Syrie : accord russo-américain sur une trêve nationale

John Kerry, le Secrétaire d’Etat américain à la Défense, et son homologue russe, Sergueï Lavrov, ont officialisé dans la nuit de vendredi à samedi un accord de paix “majeur” sur le territoire syrien, doublé d’une coopération militaire efficiente des deux pays. Une trêve nationale entrera en vigueur dès le lundi 12 septembre, date du début de l’Aïd-el-Adha, la fête musulmane du sacrifice.

“Les Etats-Unis et la Russie annoncent un plan qui, nous l’espérons, permettra de réduire la violence et d’ouvrir la voie à une paix négociée et à une transition politique en Syrie (…) Il crée (également) les conditions nécessaires pour la reprise de ce processus qui est à l’arrêt depuis longtemps.”

Le communiqué, qui souhaite fédérer l’ensemble des acteurs syriens sur ce dossier, précise dans la foulée que le régime de Bachar el-Assad est prêt à en respecter les modalités.

Le texte prévoit parallèlement la mise en place de corridors sûrs pour les opérations humanitaires et d’un « centre de commandement commun » destiné à  coordonner les actions de Washington et de Moscou contre les groupes islamistes, à l’unique condition que le cessez-le-feu perdure durant au moins sept jours.

A noter que les deux parties souhaitent minutieusement délimiter les territoires de l’ex-Front al-Nosra et ceux de l’opposition.
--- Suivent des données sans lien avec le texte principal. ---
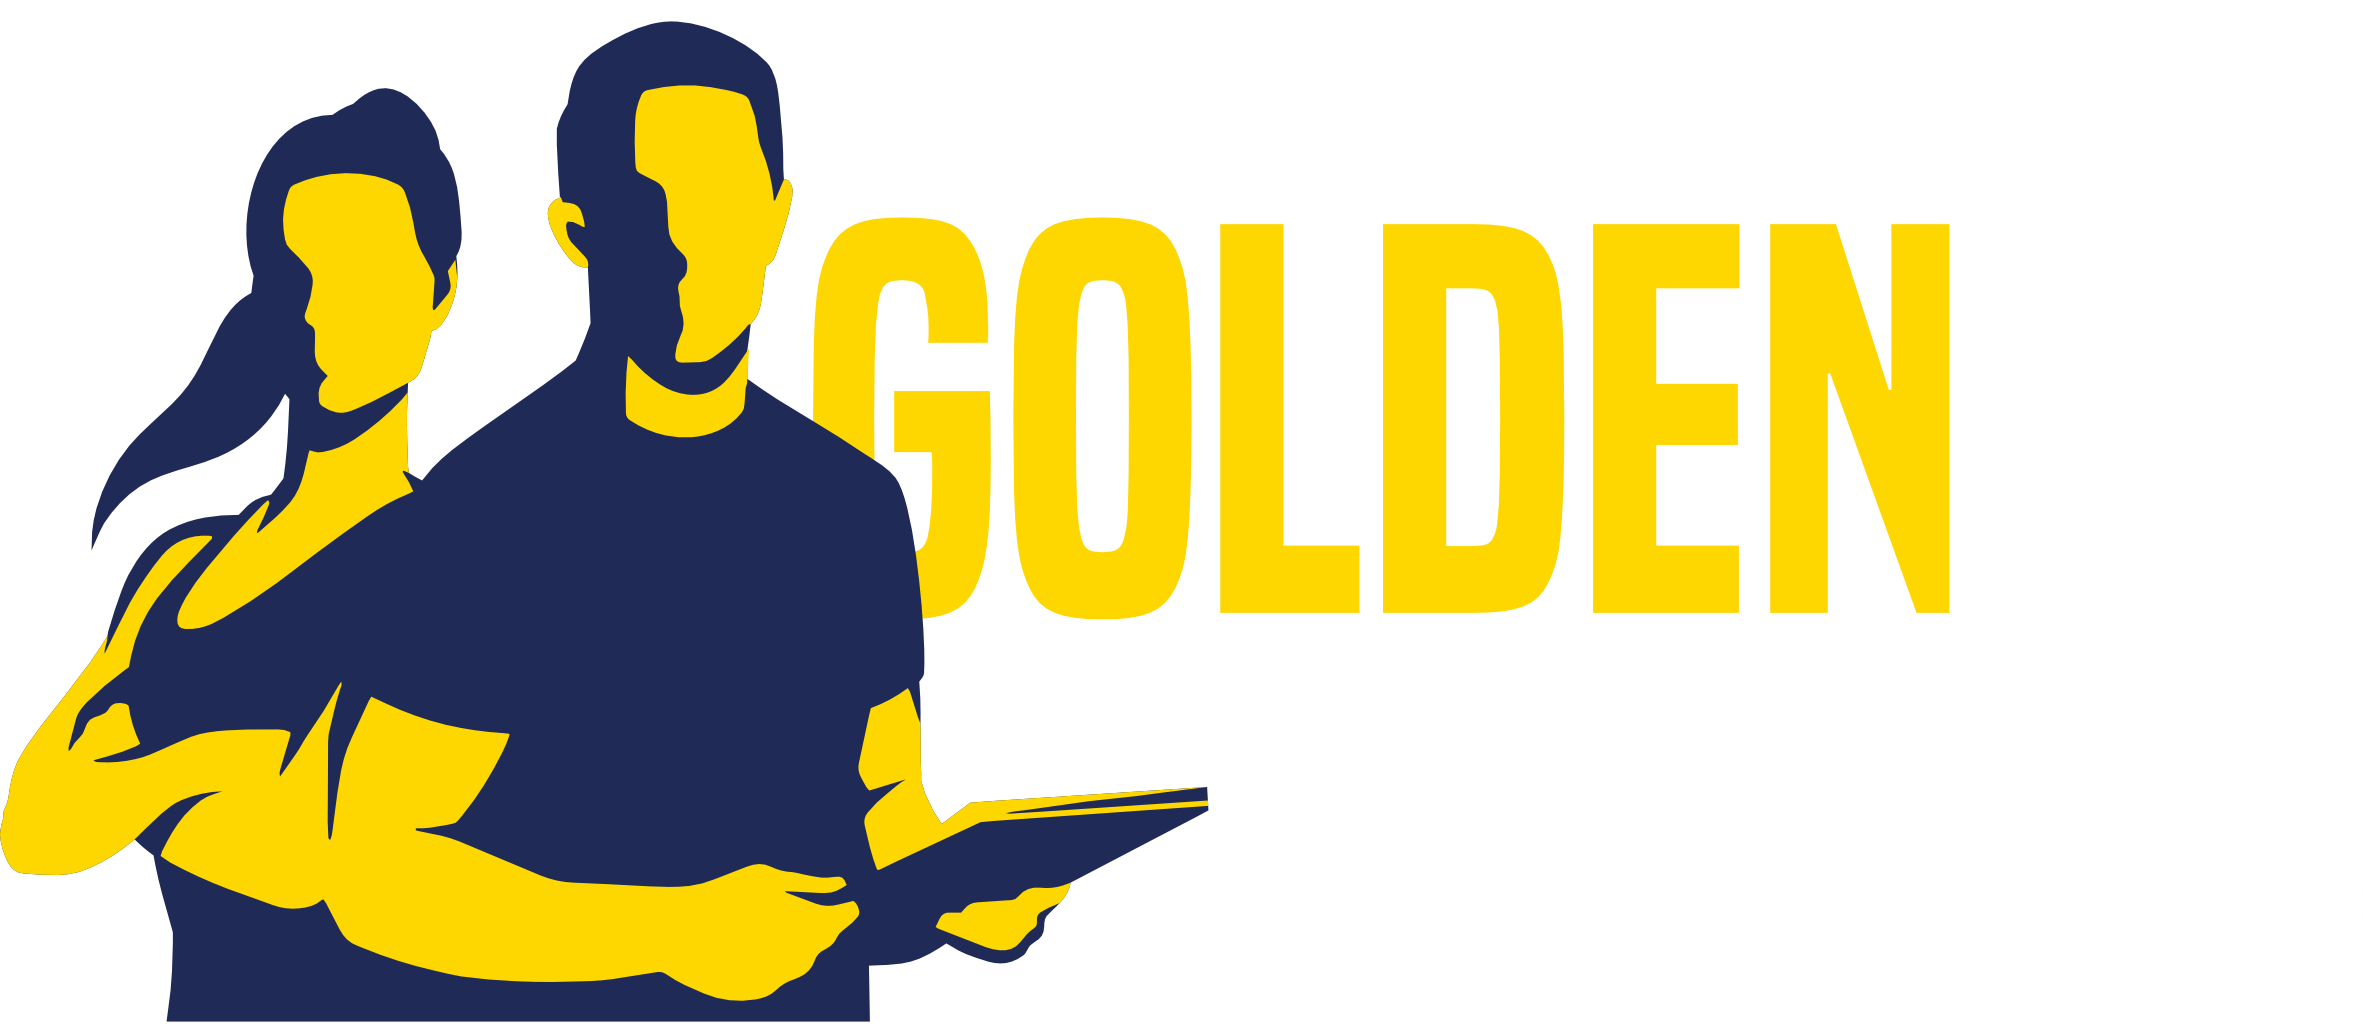 Golden Coaches

La branche syrienne d’Al-Qaïda avait en effet indiqué fin juillet une rupture tactique avec la “maison mère” afin de mettre fin à la distinction établie par la coalition entre l’organisation terroriste et les rebelles locaux.

Concrètement, le Front, proche des rebelles au contraire de l’EI, souhaitait se prémunir, via cette manœuvre, contre une éventuelle action militaire russo-américaine.

Paris, de son côté, a accueilli cette décision avec satisfaction, mais n’a pas manqué de surligner l’importance que cette trêve trouve justification sur le terrain :

“Les bombardements aériens et les attaques contre les civils doivent s’estomper, l’accès humanitaire doit être assuré au bénéfice de toutes les populations assiégées et le martyre d’Alep doit cesser”, a martelé Jean-Marc Ayrault, le chef de la diplomatie hexagonale.

Avant de rappeler que les auteurs d’attaques chimiques en Syrie devaient être impérativement sanctionnés, alors qu’une enquête menée par les Nations Unies avait dévoilé au grand jour la responsabilité de l’EI et des forces gouvernementales dans ces tueries.